Их языки лживы. Хуже всех Элоди: «По утрам, чтобы разбудить меня, мама забирается ко мне под одеяло, поет песенку и щекочет мне перышком щеку». Чушь! Я вот просыпаюсь сама. Я уже большая, я знаю, хоть мне и никогда не удается задуть свечи. Элоди и все остальные – врушки, и только. Они говорят, что от их мам хорошо пахнет и что они называют их ласково по‑всякому: «Моя принцесса, моя красавица, милая моя». Глупые квочки, маменькины дочки… ступайте в ад – и точка! Я‑то даже не успеваю вдохнуть ее запах, взметнется юбка – и пффф… Она всегда проносится мимо с такой скоростью, с какой мы бегали мимо Жизели, буфетчицы из столовой, когда у нее все лицо было в болячках от ветрянки.
Игры в «Клубе Пингвинов» затихают. Одни дети вскрывают пакеты с печеньем, другие достают из рюкзачков галеты или куски пирога, все такое чудесное, красиво завернутое. А у нее ничего. Родителям и в голову не пришло подумать об этом.
Я хочу есть! Хочу есть! Хочу есть!
Белокурая девочка в полосатом комбинезончике протягивает ей яблоко. Жюльетта прикусывает губу, хмурит брови, пытается выдавить «спасибо», но молча опускает голову.
Перекусив, все с головой уходят в новую игру – вырезают и клеят цветную бумагу, которая превращается в смешных зверюшек, а затем расставляют зоопарк на столе и поют. Ее играть не пригласили.
Меня никто не видит. Я невидимка.
Один за другим дети расходятся, бегут навстречу своим родителям, которые радостно делятся планами на вечер: сходить в пиццерию или отправиться на ярмарку, где устроены гулянья. К половине шестого все разошлись. В вольере тихо. Не слышно воробьиного щебета. Игрушки уныло лежат на полках. Жюльетта одна. В большом пустом зале. Без четверти шесть, шесть…

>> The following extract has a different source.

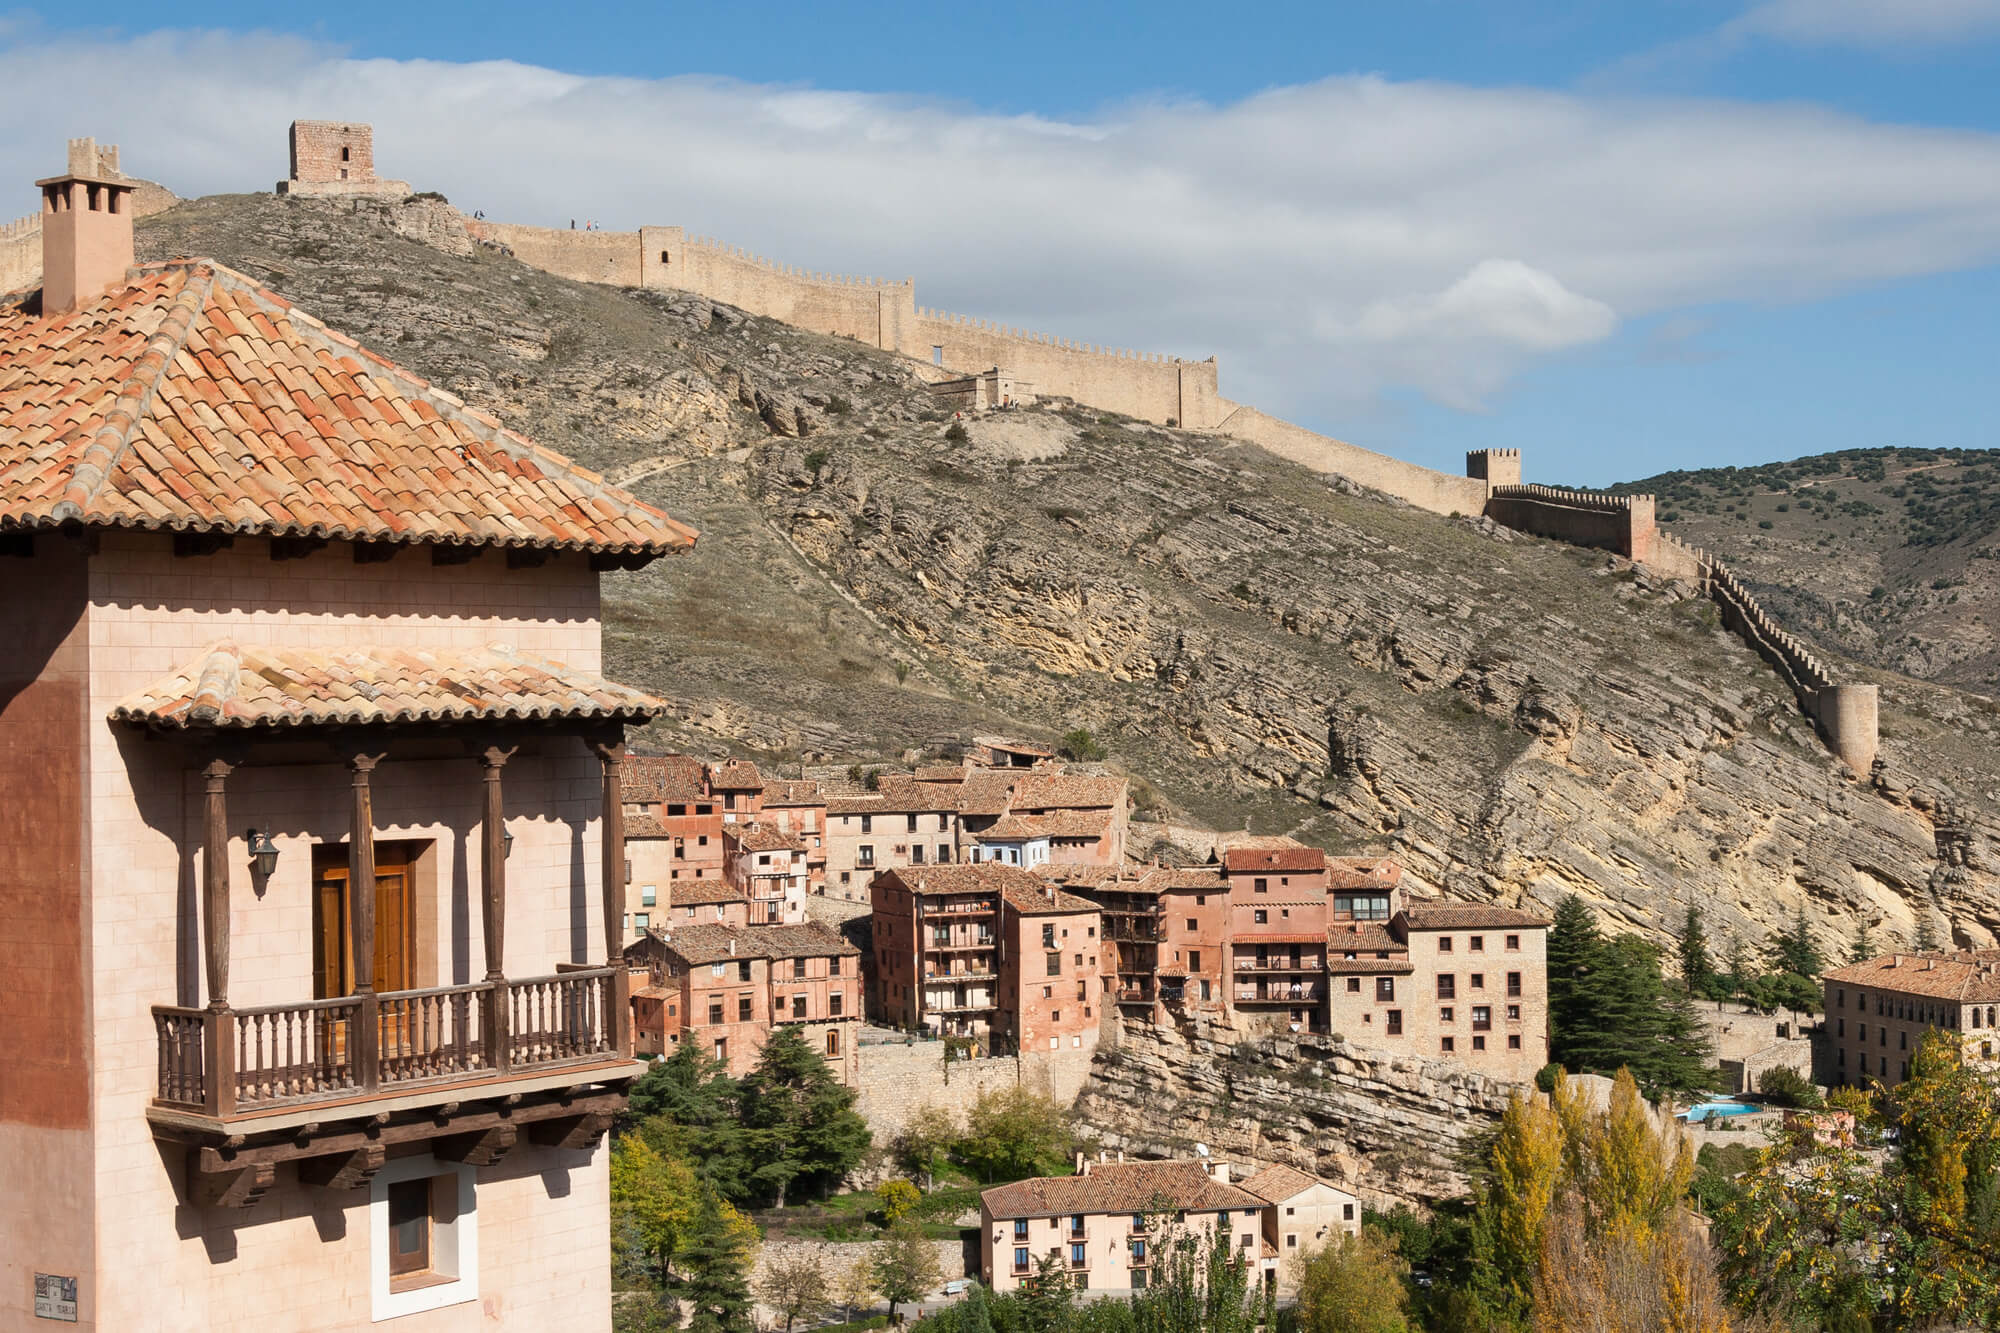 RDC pueblo  1 - Pueblo de Albarracín - 1

Так же было и в «Клубе Микки» в Довиле, и в «Клубе Морских Свинок» в Ле‑Туке, и в «Клубе Юных Моряков» в Аркашоне. Я не должна плакать, иначе так разревусь, что не смогу остановиться.
Пепита, воспитательница, – маленькая нервная брюнетка с конским хвостиком – поглядывает на стенные часы, будто ждет, что оттуда выскочат родители. Ее взгляд мечется туда‑сюда, от Жюльетты к часам.
Может быть, в этот раз они вообще не придут.
У Жюльетты кружится голова. Она трет большой палец об указательный, все сильнее и сильнее.
Может быть, мне надо было попросить девочку с яблоком взять меня с собой? Могут тебя удочерить, если родители живы?
Половина седьмого, семь. Никого! Пепита нервничает, изучает листок с именами и телефонами. Ничего. Даже адреса не оставили.
А меня зовут «Тсс»! Нехорошо, но лучше, чем ничего. Хоть какой‑то шорох в тишине. Тишина такая огромная. И холодная. Больно, когда она окутывает меня. Иногда я кричу громко‑прегромко: «ЕСТЬ ТУТ КТО‑НИБУДЬ?» Но звук остается внутри, ему не выйти. Тишина всегда побеждает.
Пепита бормочет сама себе:
– Так мы опоздаем в кино. Он терпеть не может ждать. Веселенький же у меня будет вечер.
Куда же она денет меня? Где оставит? В кассе кинотеатра? В жандармерии?
Пепита ходит взад‑вперед… окно, часы, дверь, список, Жюльетта. И снова по кругу. Конский хвостик мечется во все стороны. Жюльетте хочется вцепиться в ее ноги, чтобы она остановилась. Вдруг застыв и прервав свой монолог, Пепита поворачивается к Жюльетте и кричит:
– ДА ГДЕ ЖЕ ТВОИ РОДИТЕЛИ?
Жюльетта не знает. Они никогда не говорят ей, куда идут.
Была бы я красивой, могла бы гулять с ними, а так я буду точно пятно на их шикарной одежде. Вдвоем чище.
Чтобы прекратить допрос, она рисует отель, большой‑пребольшой, у самого моря. Мисс Пепита кидается к телефону:
– Маленькая девочка… одна… поскорее.
Потом достает из сумки косметичку, накладывает тени на веки, подкрашивает губы помадой, глядя в зеркальце.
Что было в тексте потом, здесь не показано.